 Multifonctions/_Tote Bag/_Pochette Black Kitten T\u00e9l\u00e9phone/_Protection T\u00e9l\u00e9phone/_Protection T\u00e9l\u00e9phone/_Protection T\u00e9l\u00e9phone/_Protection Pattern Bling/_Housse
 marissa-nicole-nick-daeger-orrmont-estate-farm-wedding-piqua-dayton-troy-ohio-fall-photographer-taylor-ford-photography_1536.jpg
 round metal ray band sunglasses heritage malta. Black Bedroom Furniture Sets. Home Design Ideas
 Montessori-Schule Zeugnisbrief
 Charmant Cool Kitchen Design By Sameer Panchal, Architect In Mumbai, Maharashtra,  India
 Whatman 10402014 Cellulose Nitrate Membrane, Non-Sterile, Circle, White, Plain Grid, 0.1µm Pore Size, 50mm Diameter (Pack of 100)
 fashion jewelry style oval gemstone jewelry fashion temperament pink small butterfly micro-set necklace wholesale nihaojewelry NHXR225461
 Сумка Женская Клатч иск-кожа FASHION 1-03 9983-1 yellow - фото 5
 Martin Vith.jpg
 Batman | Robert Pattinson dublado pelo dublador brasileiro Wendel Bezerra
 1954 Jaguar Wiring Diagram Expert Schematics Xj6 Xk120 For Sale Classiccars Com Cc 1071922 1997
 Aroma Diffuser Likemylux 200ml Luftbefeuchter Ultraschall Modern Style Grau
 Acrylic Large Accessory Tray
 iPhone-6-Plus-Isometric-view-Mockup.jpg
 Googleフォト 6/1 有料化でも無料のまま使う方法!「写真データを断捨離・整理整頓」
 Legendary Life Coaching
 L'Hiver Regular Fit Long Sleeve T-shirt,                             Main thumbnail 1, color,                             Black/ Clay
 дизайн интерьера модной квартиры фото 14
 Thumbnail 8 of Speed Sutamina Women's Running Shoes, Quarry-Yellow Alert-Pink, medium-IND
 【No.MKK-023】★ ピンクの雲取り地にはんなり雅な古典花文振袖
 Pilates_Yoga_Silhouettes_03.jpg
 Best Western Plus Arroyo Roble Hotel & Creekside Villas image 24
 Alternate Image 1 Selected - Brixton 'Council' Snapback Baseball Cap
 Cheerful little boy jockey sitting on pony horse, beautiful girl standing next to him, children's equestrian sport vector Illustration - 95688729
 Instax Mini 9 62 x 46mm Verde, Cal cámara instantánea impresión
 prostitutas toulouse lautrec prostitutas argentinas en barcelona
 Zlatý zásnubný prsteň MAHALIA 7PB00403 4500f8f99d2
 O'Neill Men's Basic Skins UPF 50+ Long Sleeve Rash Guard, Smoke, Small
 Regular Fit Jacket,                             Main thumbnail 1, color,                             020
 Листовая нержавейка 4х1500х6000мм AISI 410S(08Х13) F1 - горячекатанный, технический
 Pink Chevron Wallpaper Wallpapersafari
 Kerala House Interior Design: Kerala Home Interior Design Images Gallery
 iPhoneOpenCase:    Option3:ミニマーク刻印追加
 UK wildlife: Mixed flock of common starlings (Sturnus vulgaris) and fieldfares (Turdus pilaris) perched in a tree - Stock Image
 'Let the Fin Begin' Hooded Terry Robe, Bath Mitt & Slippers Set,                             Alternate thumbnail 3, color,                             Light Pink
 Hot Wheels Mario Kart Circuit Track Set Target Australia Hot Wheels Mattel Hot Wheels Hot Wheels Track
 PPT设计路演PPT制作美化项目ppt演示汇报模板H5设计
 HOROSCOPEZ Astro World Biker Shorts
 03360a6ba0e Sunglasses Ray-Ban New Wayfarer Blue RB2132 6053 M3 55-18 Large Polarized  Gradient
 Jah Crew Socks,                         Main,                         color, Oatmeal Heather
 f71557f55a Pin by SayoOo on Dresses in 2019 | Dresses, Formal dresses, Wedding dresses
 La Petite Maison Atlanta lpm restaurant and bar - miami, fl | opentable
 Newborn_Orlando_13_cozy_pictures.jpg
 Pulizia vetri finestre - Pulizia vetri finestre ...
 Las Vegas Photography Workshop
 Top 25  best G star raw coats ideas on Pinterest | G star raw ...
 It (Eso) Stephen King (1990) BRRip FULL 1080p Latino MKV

###

→ **Work instruction**:
Go through the listing above and find each line containing the string "Main"; copy those lines.

→ **Response**:
 L'Hiver Regular Fit Long Sleeve T-shirt,                             Main thumbnail 1, color,                             Black/ Clay
 Regular Fit Jacket,                             Main thumbnail 1, color,                             020
 Jah Crew Socks,                         Main,                         color, Oatmeal Heather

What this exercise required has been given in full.